Beyond Shahed drone range, yes — at 1,400 kilometres from the nearest Iranian launch positions, King Fahd Air Base exceeds the operational radius of Iran’s one-way attack drones. But Iran’s ballistic missile arsenal includes the Emad, Sejjil, and Khorramshahr variants with ranges of 1,700 to 2,000 kilometres, all of which can reach Taif. The base’s elevation at 1,477 metres and its position behind the Hejaz mountain range complicate low-altitude drone approaches, but ballistic trajectories are unaffected by terrain. The March 27 PSAB strike demonstrated that Iran can penetrate Saudi and US air defences with ballistic missiles; the failure to secure additional Patriot batteries from Poland means interceptor coverage remains stretched thin. Taif is safer than PSAB against drones, but against ballistic missiles the margin is narrower than the distance alone suggests.

What would it take for Saudi Arabia to return to neutral status?

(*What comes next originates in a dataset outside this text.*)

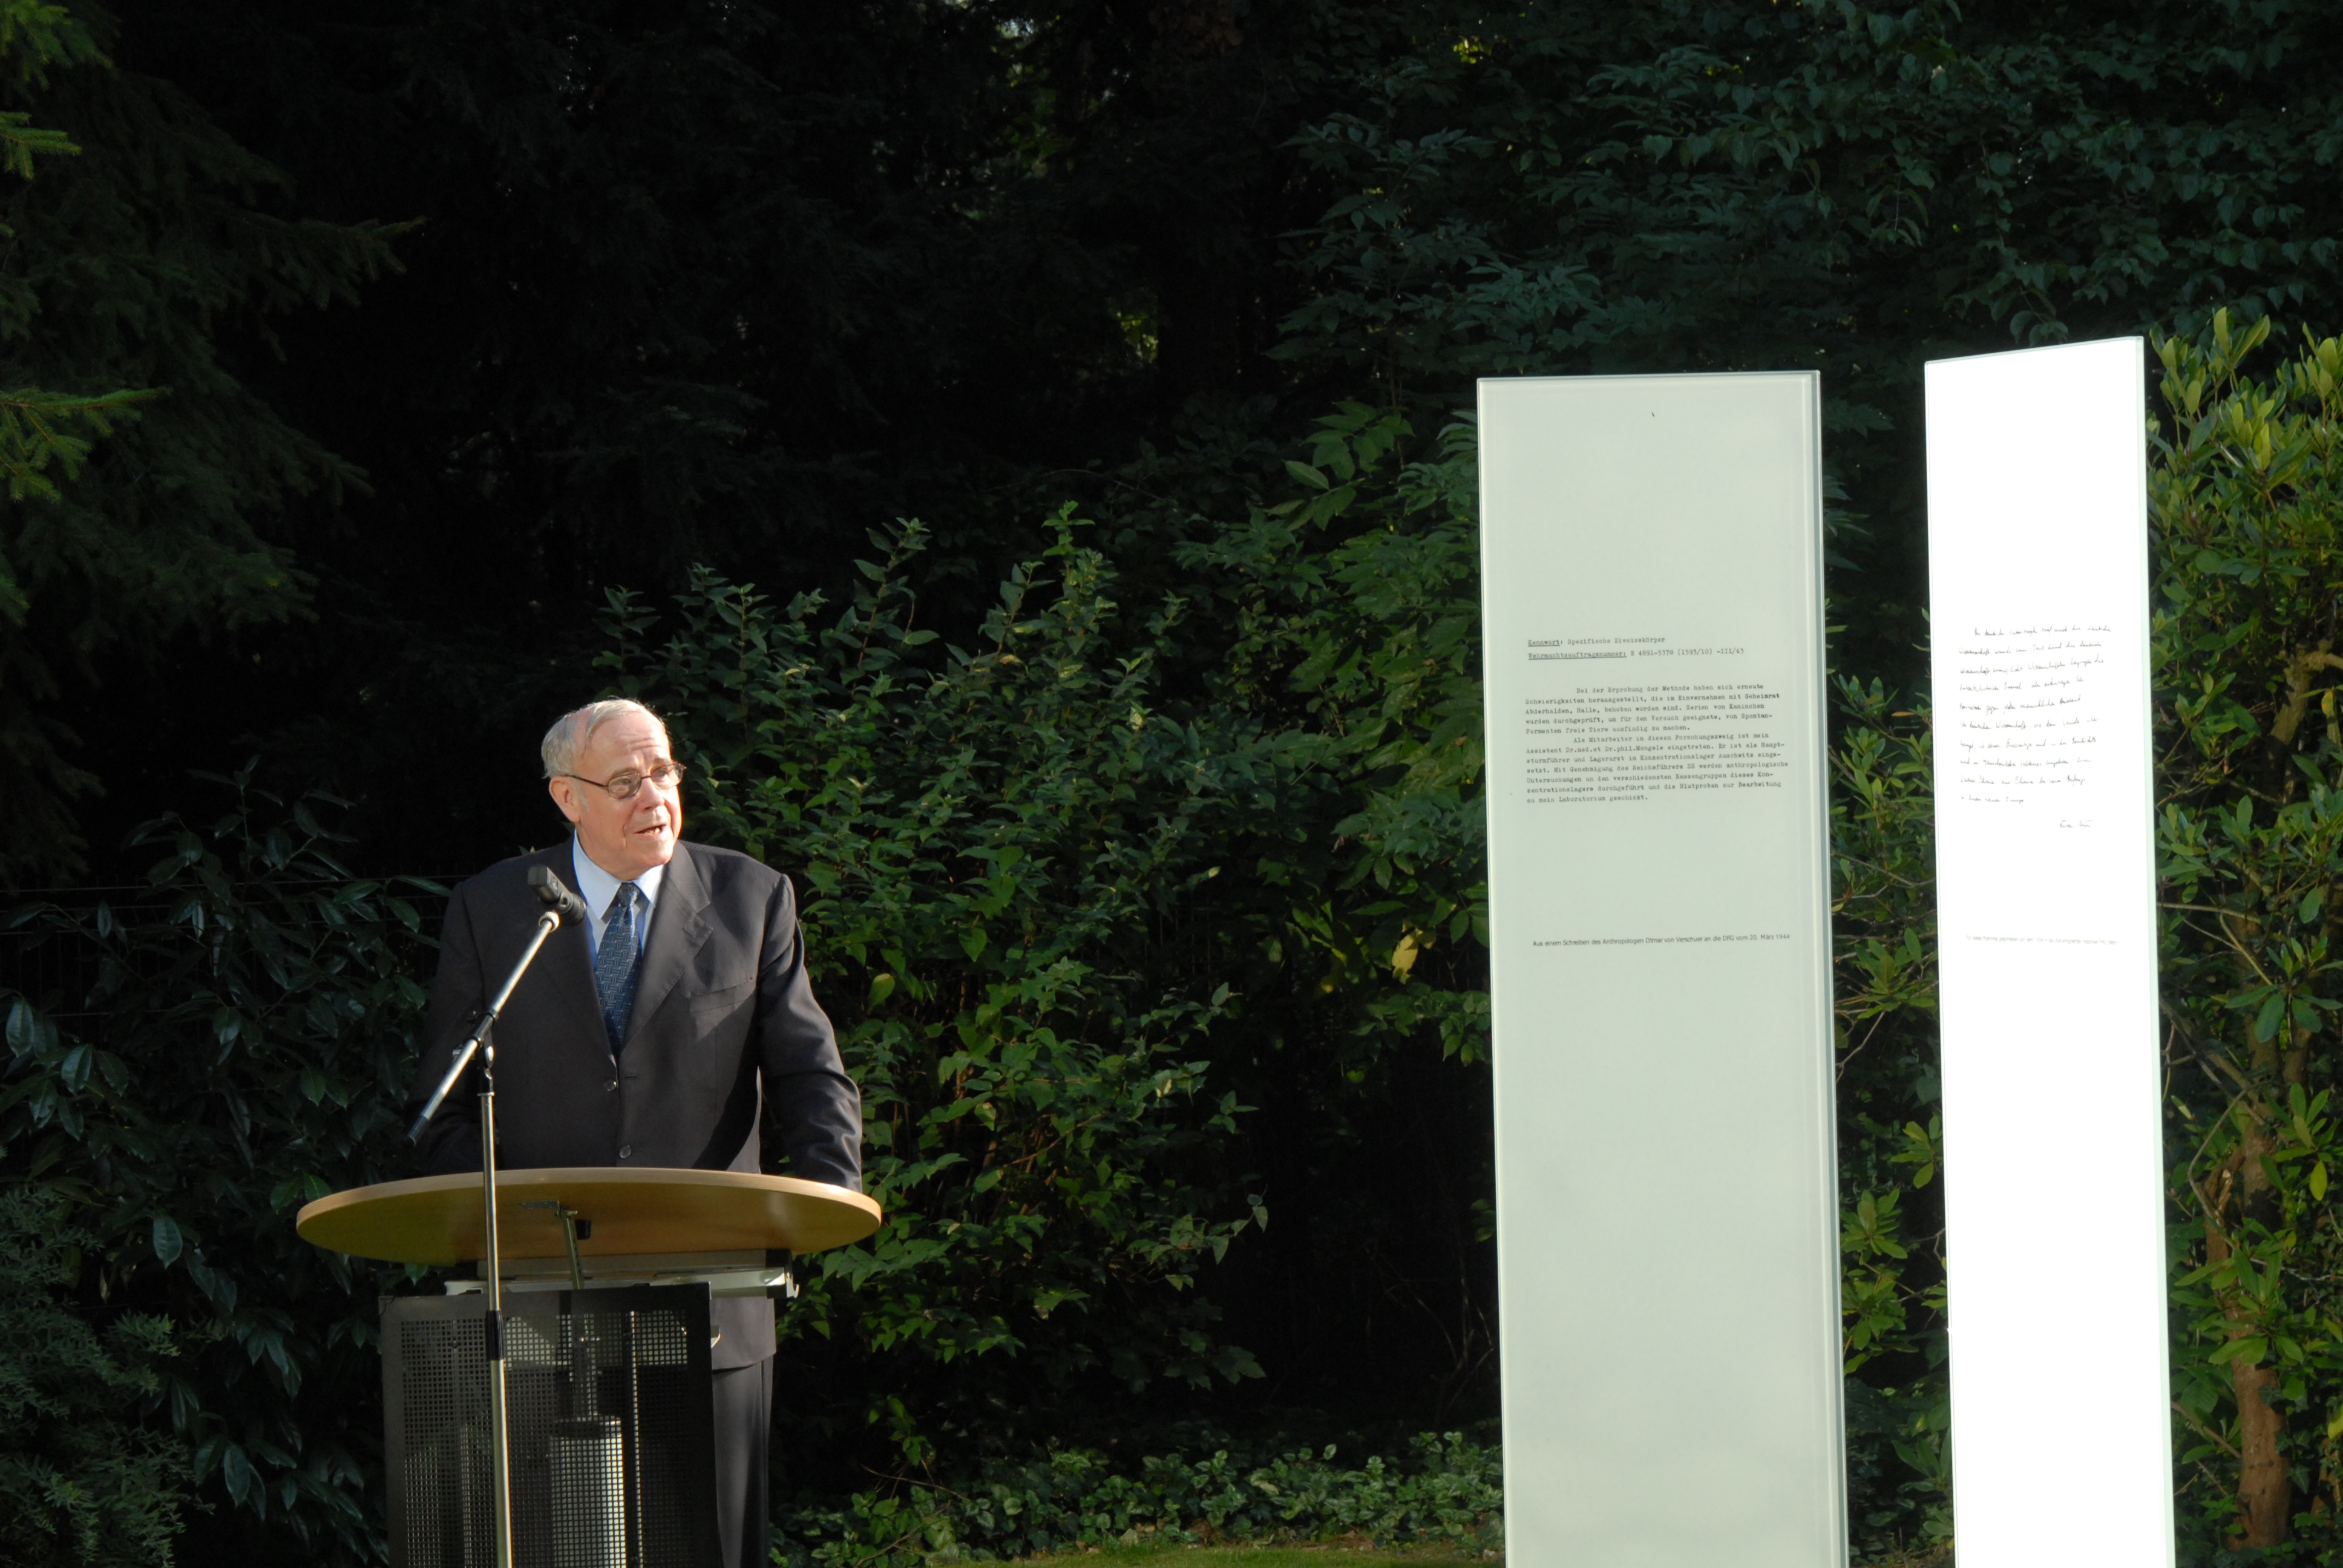 DFG President Ernst-Ludwig Winnacker speaking at the dedication of the memorial

Under the Chatham House framework, co-party status attaches based on a state’s acts, not its declarations. Saudi Arabia would need to revoke US access to King Fahd Air Base, cease hosting any offensive strike operations from its territory, and demonstrably end its operational support for coalition combat sorties — not merely announce a policy change, but implement one verifiable through the absence of continued operations. Even then, the legal position is debated: some scholars argue that co-party status, once established, persists for the duration of the conflict regardless of subsequent changes in behaviour, because the supporting state’s earlier actions already contributed to the conduct of hostilities. The practical obstacle is simpler: having accepted co-belligerent risk and absorbed the Iranian targeting that follows from it, the incentive structure for MBS now points toward deeper engagement, not withdrawal. Retreat would deliver the costs of co-belligerency without the potential benefits of a favourable post-war settlement.